**MATERIAL FOR THE TASK**.

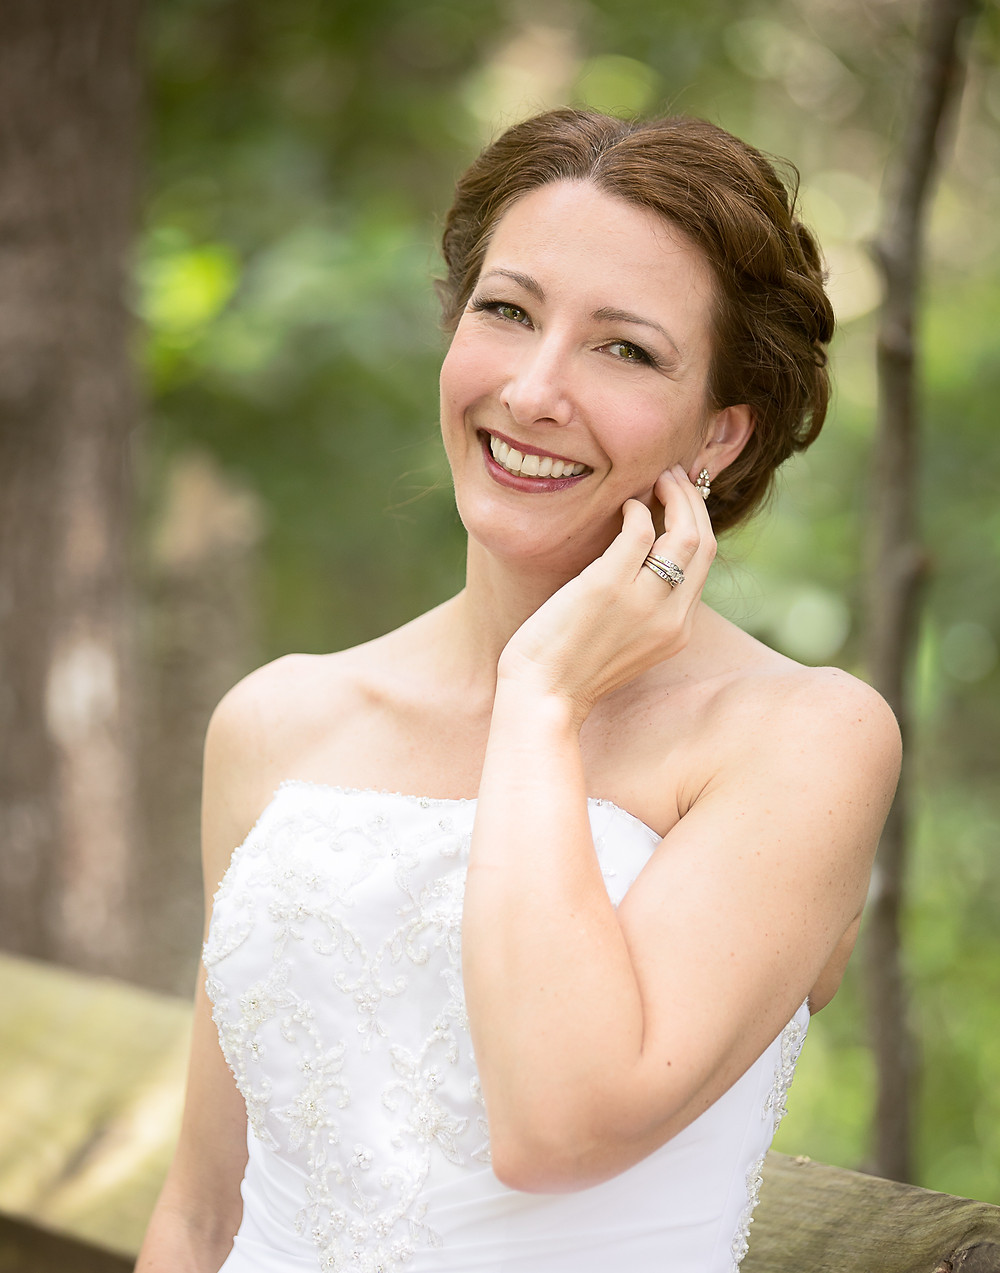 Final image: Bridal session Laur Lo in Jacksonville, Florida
...
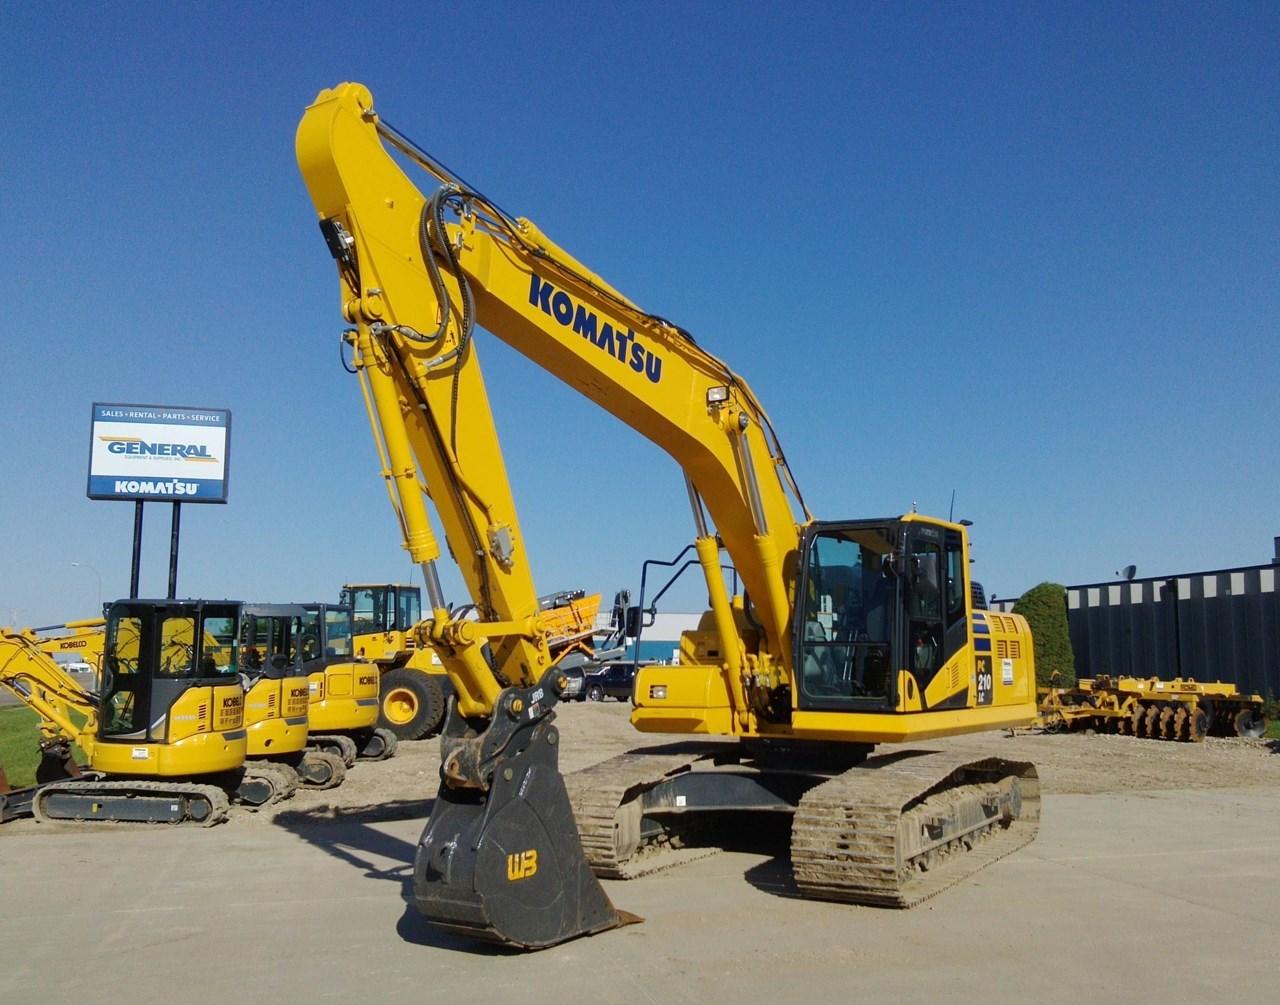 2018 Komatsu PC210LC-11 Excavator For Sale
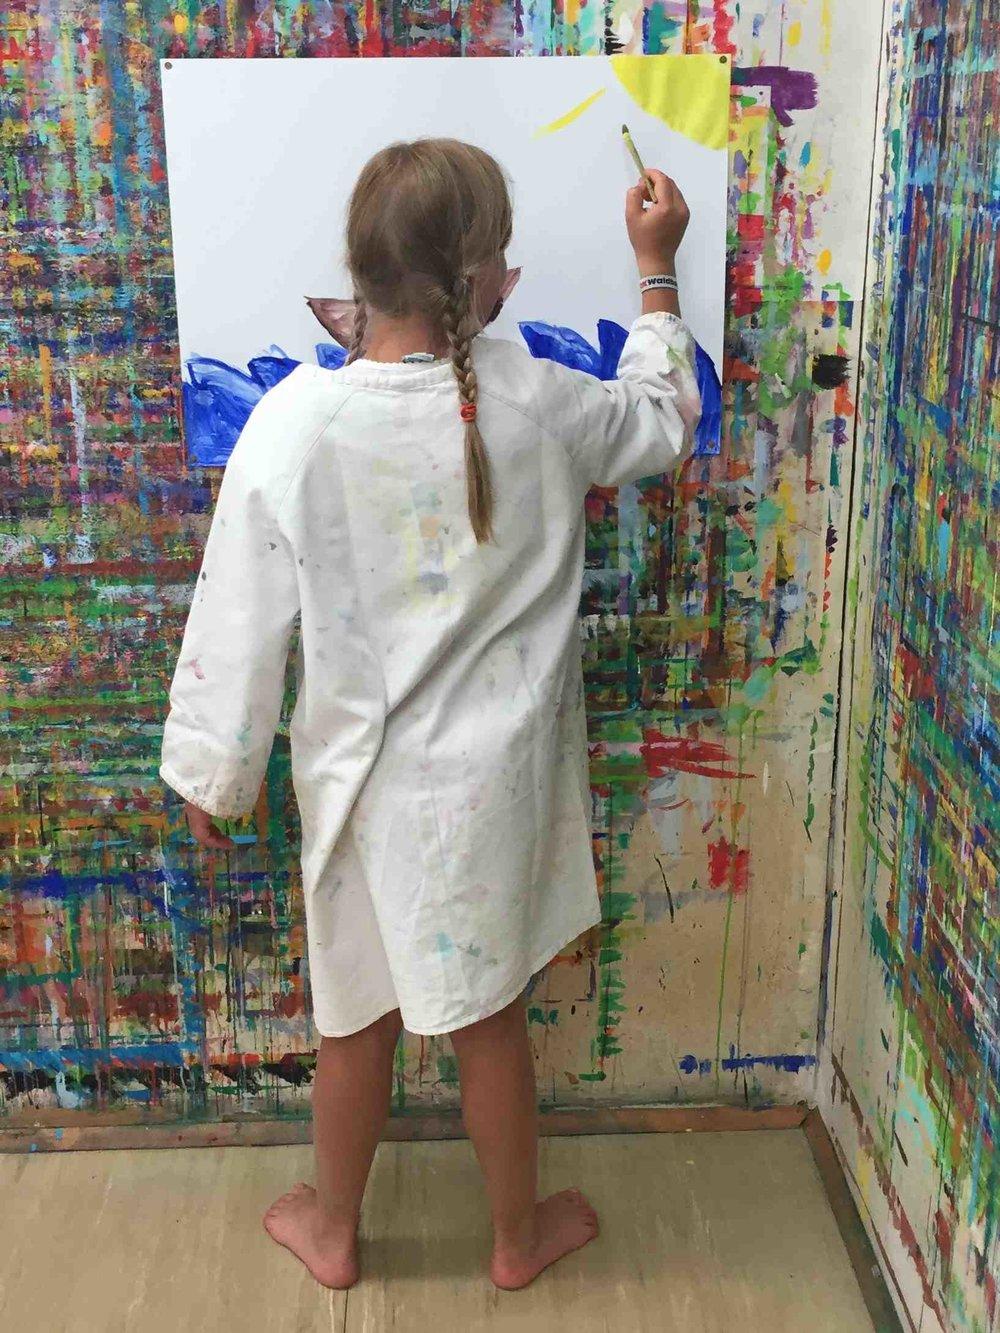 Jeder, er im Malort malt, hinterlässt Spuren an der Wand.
--
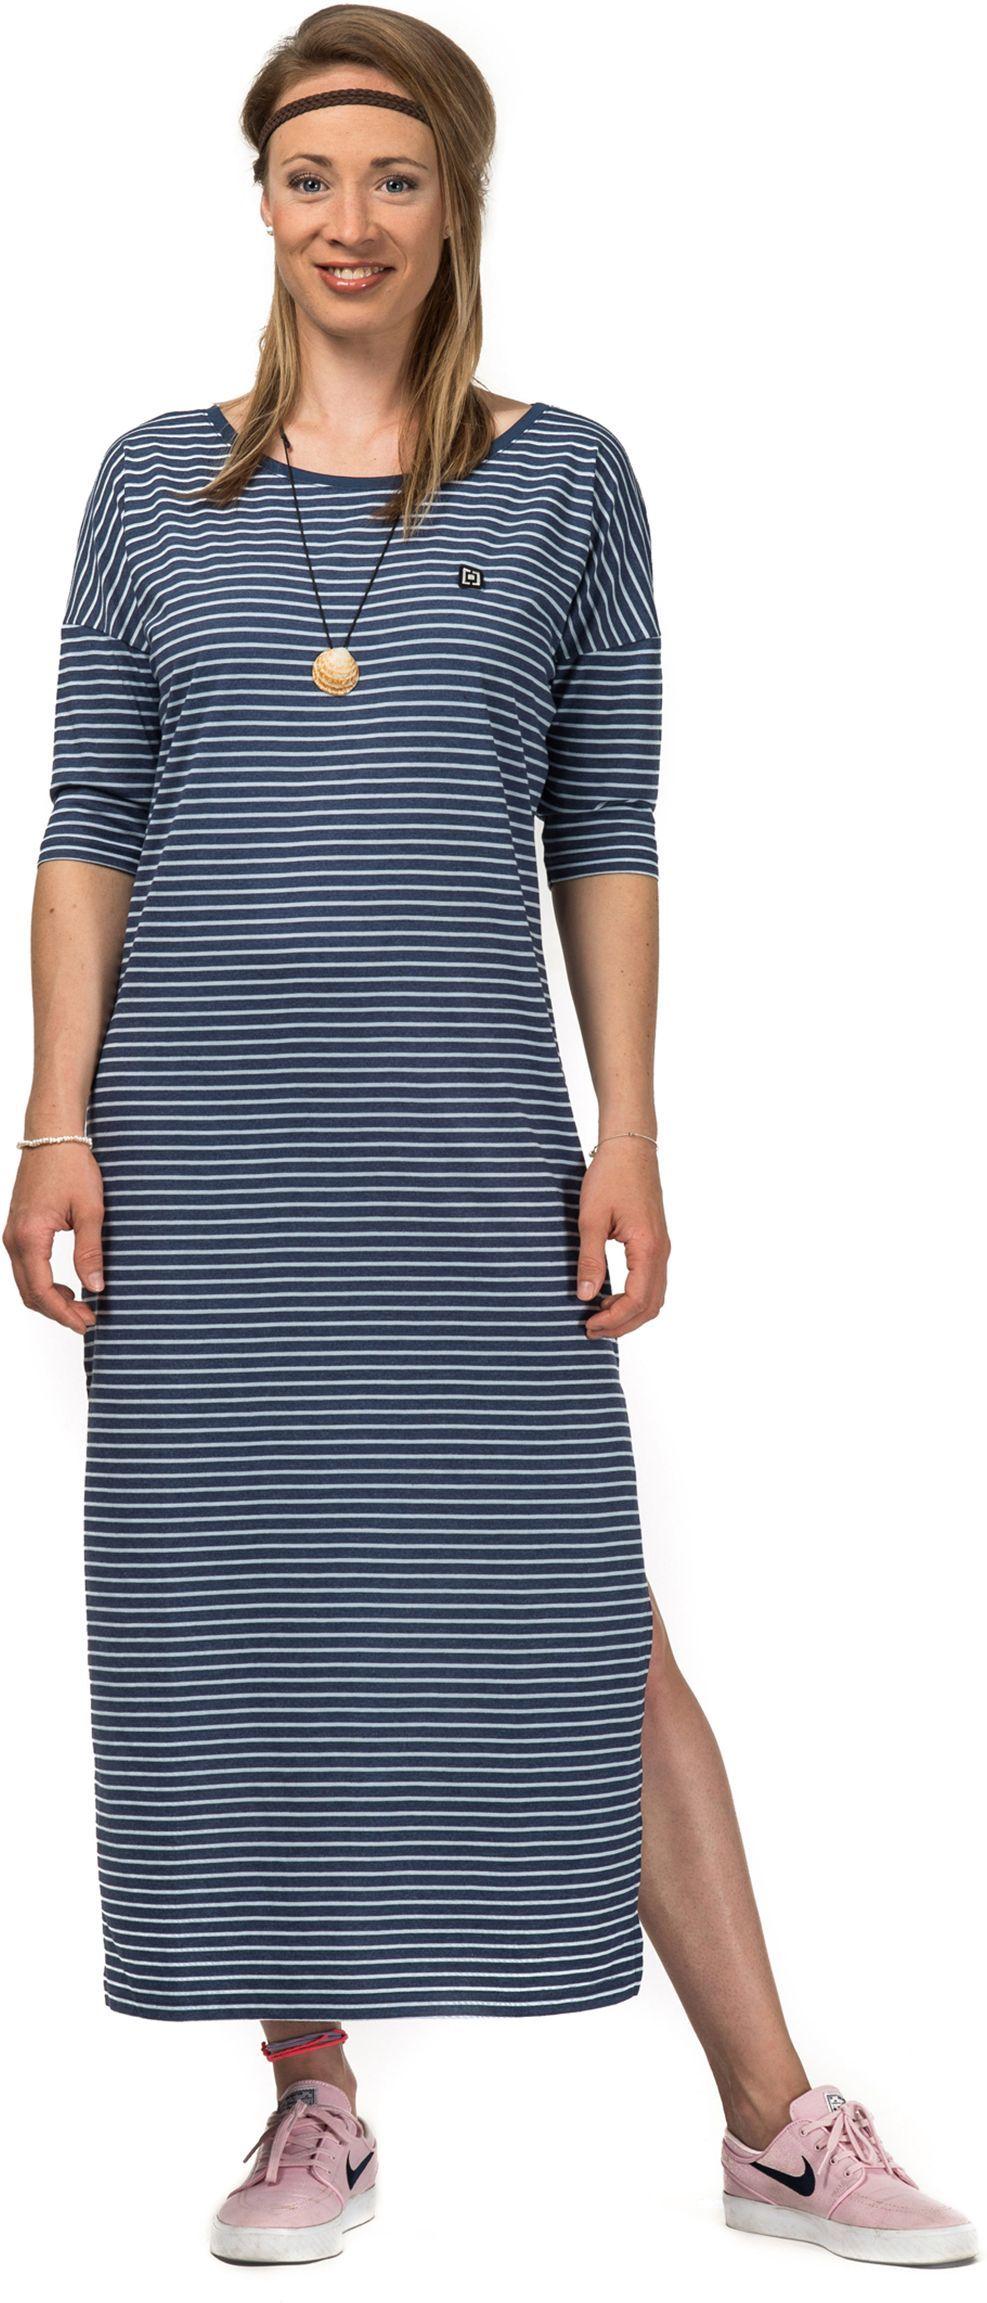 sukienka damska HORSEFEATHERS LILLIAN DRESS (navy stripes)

**WORK TO COMPLETE**.
From the data above, retype only the lines starting with the line with "2018 Komatsu PC210LC-11 Excavator For Sale" and going on through the line with "Jeder, er im", exactly, leaving out the pictures.

**RESPONSE BOX**.
 2018 Komatsu PC210LC-11 Excavator For Sale
 Jeder, er im Malort malt, hinterlässt Spuren an der Wand.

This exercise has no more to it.